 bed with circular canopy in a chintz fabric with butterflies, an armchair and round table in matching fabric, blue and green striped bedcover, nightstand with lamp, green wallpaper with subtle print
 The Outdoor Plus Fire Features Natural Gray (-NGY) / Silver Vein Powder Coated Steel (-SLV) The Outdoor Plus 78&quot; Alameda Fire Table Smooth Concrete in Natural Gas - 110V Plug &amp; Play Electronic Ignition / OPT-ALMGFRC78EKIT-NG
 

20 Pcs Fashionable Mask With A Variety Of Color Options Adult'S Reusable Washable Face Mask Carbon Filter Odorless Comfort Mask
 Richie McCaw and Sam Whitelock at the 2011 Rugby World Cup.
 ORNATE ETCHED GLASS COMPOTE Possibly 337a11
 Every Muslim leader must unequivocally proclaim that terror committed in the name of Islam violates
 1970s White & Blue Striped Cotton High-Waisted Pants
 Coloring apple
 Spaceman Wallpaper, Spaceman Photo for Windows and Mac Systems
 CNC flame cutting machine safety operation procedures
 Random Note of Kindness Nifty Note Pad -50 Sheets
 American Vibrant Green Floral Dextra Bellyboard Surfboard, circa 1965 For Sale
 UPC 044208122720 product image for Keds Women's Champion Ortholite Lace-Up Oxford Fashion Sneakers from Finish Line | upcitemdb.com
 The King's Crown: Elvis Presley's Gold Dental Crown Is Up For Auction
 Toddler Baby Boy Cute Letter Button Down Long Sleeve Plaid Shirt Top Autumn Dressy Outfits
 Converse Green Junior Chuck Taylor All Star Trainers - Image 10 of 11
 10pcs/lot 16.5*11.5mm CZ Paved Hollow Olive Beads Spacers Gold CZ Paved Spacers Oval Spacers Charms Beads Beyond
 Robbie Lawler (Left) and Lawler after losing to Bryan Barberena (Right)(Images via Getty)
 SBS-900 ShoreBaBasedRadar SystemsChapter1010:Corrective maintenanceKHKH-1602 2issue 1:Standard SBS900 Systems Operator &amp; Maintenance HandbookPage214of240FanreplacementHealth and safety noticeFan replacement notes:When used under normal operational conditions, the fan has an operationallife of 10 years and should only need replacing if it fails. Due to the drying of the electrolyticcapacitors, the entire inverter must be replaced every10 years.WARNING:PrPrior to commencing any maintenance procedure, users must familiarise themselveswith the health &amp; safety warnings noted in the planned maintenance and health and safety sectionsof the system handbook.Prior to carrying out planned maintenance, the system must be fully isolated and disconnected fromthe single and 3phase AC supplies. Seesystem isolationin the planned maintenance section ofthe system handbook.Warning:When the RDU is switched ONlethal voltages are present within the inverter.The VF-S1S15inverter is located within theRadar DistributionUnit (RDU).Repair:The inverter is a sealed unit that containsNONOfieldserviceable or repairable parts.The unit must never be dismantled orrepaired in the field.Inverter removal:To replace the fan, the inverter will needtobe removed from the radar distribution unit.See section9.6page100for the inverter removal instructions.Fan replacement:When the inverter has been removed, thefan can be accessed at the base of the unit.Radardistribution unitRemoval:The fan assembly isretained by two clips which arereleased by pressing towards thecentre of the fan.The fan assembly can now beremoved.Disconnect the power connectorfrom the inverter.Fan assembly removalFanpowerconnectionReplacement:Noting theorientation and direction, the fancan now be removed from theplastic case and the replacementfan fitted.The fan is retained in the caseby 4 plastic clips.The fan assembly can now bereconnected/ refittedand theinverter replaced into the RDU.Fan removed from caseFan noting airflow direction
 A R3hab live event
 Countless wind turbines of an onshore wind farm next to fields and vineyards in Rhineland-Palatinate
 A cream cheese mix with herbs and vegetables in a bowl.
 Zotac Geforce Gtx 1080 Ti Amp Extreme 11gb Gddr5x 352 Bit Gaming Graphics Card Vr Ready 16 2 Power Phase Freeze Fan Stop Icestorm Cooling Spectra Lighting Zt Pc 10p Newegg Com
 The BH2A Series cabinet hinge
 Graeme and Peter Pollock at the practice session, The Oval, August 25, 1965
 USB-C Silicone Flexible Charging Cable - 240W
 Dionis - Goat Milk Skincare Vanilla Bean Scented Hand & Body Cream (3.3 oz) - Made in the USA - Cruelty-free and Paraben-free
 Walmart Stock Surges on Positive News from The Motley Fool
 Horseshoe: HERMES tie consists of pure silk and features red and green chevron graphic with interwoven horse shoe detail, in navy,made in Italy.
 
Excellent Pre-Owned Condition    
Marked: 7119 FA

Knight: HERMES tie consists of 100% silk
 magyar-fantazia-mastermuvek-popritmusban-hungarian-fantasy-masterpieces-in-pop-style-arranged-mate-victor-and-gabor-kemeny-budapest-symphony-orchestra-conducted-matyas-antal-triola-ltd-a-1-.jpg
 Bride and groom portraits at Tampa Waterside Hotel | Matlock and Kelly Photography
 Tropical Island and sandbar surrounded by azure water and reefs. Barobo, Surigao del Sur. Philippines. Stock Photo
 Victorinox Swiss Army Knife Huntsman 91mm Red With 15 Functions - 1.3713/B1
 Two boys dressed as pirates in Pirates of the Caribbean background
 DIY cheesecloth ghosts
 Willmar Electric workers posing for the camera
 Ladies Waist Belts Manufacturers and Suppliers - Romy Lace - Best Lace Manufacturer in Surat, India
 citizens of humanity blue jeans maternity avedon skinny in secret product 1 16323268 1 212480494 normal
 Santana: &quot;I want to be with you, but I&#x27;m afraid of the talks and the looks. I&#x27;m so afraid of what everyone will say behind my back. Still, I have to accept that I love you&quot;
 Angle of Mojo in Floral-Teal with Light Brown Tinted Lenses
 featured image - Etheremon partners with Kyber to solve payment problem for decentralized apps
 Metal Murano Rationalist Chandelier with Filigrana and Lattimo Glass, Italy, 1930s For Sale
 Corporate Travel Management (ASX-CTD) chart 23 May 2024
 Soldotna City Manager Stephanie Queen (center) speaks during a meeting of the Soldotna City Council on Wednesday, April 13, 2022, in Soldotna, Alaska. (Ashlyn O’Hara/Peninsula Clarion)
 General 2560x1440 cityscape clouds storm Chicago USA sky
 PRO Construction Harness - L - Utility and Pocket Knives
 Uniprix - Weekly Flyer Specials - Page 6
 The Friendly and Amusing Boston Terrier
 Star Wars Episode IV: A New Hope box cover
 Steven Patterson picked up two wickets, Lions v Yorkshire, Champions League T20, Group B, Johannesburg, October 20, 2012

Instructions for the task. Please make an exact copy of each record.

Expected answer.
 bed with circular canopy in a chintz fabric with butterflies, an armchair and round table in matching fabric, blue and green striped bedcover, nightstand with lamp, green wallpaper with subtle print
 The Outdoor Plus Fire Features Natural Gray (-NGY) / Silver Vein Powder Coated Steel (-SLV) The Outdoor Plus 78&quot; Alameda Fire Table Smooth Concrete in Natural Gas - 110V Plug &amp; Play Electronic Ignition / OPT-ALMGFRC78EKIT-NG
 

20 Pcs Fashionable Mask With A Variety Of Color Options Adult'S Reusable Washable Face Mask Carbon Filter Odorless Comfort Mask
 Richie McCaw and Sam Whitelock at the 2011 Rugby World Cup.
 ORNATE ETCHED GLASS COMPOTE Possibly 337a11
 Every Muslim leader must unequivocally proclaim that terror committed in the name of Islam violates
 1970s White & Blue Striped Cotton High-Waisted Pants
 Coloring apple
 Spaceman Wallpaper, Spaceman Photo for Windows and Mac Systems
 CNC flame cutting machine safety operation procedures
 Random Note of Kindness Nifty Note Pad -50 Sheets
 American Vibrant Green Floral Dextra Bellyboard Surfboard, circa 1965 For Sale
 UPC 044208122720 product image for Keds Women's Champion Ortholite Lace-Up Oxford Fashion Sneakers from Finish Line | upcitemdb.com
 The King's Crown: Elvis Presley's Gold Dental Crown Is Up For Auction
 Toddler Baby Boy Cute Letter Button Down Long Sleeve Plaid Shirt Top Autumn Dressy Outfits
 Converse Green Junior Chuck Taylor All Star Trainers - Image 10 of 11
 10pcs/lot 16.5*11.5mm CZ Paved Hollow Olive Beads Spacers Gold CZ Paved Spacers Oval Spacers Charms Beads Beyond
 Robbie Lawler (Left) and Lawler after losing to Bryan Barberena (Right)(Images via Getty)
 SBS-900 ShoreBaBasedRadar SystemsChapter1010:Corrective maintenanceKHKH-1602 2issue 1:Standard SBS900 Systems Operator &amp; Maintenance HandbookPage214of240FanreplacementHealth and safety noticeFan replacement notes:When used under normal operational conditions, the fan has an operationallife of 10 years and should only need replacing if it fails. Due to the drying of the electrolyticcapacitors, the entire inverter must be replaced every10 years.WARNING:PrPrior to commencing any maintenance procedure, users must familiarise themselveswith the health &amp; safety warnings noted in the planned maintenance and health and safety sectionsof the system handbook.Prior to carrying out planned maintenance, the system must be fully isolated and disconnected fromthe single and 3phase AC supplies. Seesystem isolationin the planned maintenance section ofthe system handbook.Warning:When the RDU is switched ONlethal voltages are present within the inverter.The VF-S1S15inverter is located within theRadar DistributionUnit (RDU).Repair:The inverter is a sealed unit that containsNONOfieldserviceable or repairable parts.The unit must never be dismantled orrepaired in the field.Inverter removal:To replace the fan, the inverter will needtobe removed from the radar distribution unit.See section9.6page100for the inverter removal instructions.Fan replacement:When the inverter has been removed, thefan can be accessed at the base of the unit.Radardistribution unitRemoval:The fan assembly isretained by two clips which arereleased by pressing towards thecentre of the fan.The fan assembly can now beremoved.Disconnect the power connectorfrom the inverter.Fan assembly removalFanpowerconnectionReplacement:Noting theorientation and direction, the fancan now be removed from theplastic case and the replacementfan fitted.The fan is retained in the caseby 4 plastic clips.The fan assembly can now bereconnected/ refittedand theinverter replaced into the RDU.Fan removed from caseFan noting airflow direction
 A R3hab live event
 Countless wind turbines of an onshore wind farm next to fields and vineyards in Rhineland-Palatinate
 A cream cheese mix with herbs and vegetables in a bowl.
 Zotac Geforce Gtx 1080 Ti Amp Extreme 11gb Gddr5x 352 Bit Gaming Graphics Card Vr Ready 16 2 Power Phase Freeze Fan Stop Icestorm Cooling Spectra Lighting Zt Pc 10p Newegg Com
 The BH2A Series cabinet hinge
 Graeme and Peter Pollock at the practice session, The Oval, August 25, 1965
 USB-C Silicone Flexible Charging Cable - 240W
 Dionis - Goat Milk Skincare Vanilla Bean Scented Hand & Body Cream (3.3 oz) - Made in the USA - Cruelty-free and Paraben-free
 Walmart Stock Surges on Positive News from The Motley Fool
 Horseshoe: HERMES tie consists of pure silk and features red and green chevron graphic with interwoven horse shoe detail, in navy,made in Italy.
 
Excellent Pre-Owned Condition    
Marked: 7119 FA

Knight: HERMES tie consists of 100% silk
 magyar-fantazia-mastermuvek-popritmusban-hungarian-fantasy-masterpieces-in-pop-style-arranged-mate-victor-and-gabor-kemeny-budapest-symphony-orchestra-conducted-matyas-antal-triola-ltd-a-1-.jpg
 Bride and groom portraits at Tampa Waterside Hotel | Matlock and Kelly Photography
 Tropical Island and sandbar surrounded by azure water and reefs. Barobo, Surigao del Sur. Philippines. Stock Photo
 Victorinox Swiss Army Knife Huntsman 91mm Red With 15 Functions - 1.3713/B1
 Two boys dressed as pirates in Pirates of the Caribbean background
 DIY cheesecloth ghosts
 Willmar Electric workers posing for the camera
 Ladies Waist Belts Manufacturers and Suppliers - Romy Lace - Best Lace Manufacturer in Surat, India
 citizens of humanity blue jeans maternity avedon skinny in secret product 1 16323268 1 212480494 normal
 Santana: &quot;I want to be with you, but I&#x27;m afraid of the talks and the looks. I&#x27;m so afraid of what everyone will say behind my back. Still, I have to accept that I love you&quot;
 Angle of Mojo in Floral-Teal with Light Brown Tinted Lenses
 featured image - Etheremon partners with Kyber to solve payment problem for decentralized apps
 Metal Murano Rationalist Chandelier with Filigrana and Lattimo Glass, Italy, 1930s For Sale
 Corporate Travel Management (ASX-CTD) chart 23 May 2024
 Soldotna City Manager Stephanie Queen (center) speaks during a meeting of the Soldotna City Council on Wednesday, April 13, 2022, in Soldotna, Alaska. (Ashlyn O’Hara/Peninsula Clarion)
 General 2560x1440 cityscape clouds storm Chicago USA sky
 PRO Construction Harness - L - Utility and Pocket Knives
 Uniprix - Weekly Flyer Specials - Page 6
 The Friendly and Amusing Boston Terrier
 Star Wars Episode IV: A New Hope box cover
 Steven Patterson picked up two wickets, Lions v Yorkshire, Champions League T20, Group B, Johannesburg, October 20, 2012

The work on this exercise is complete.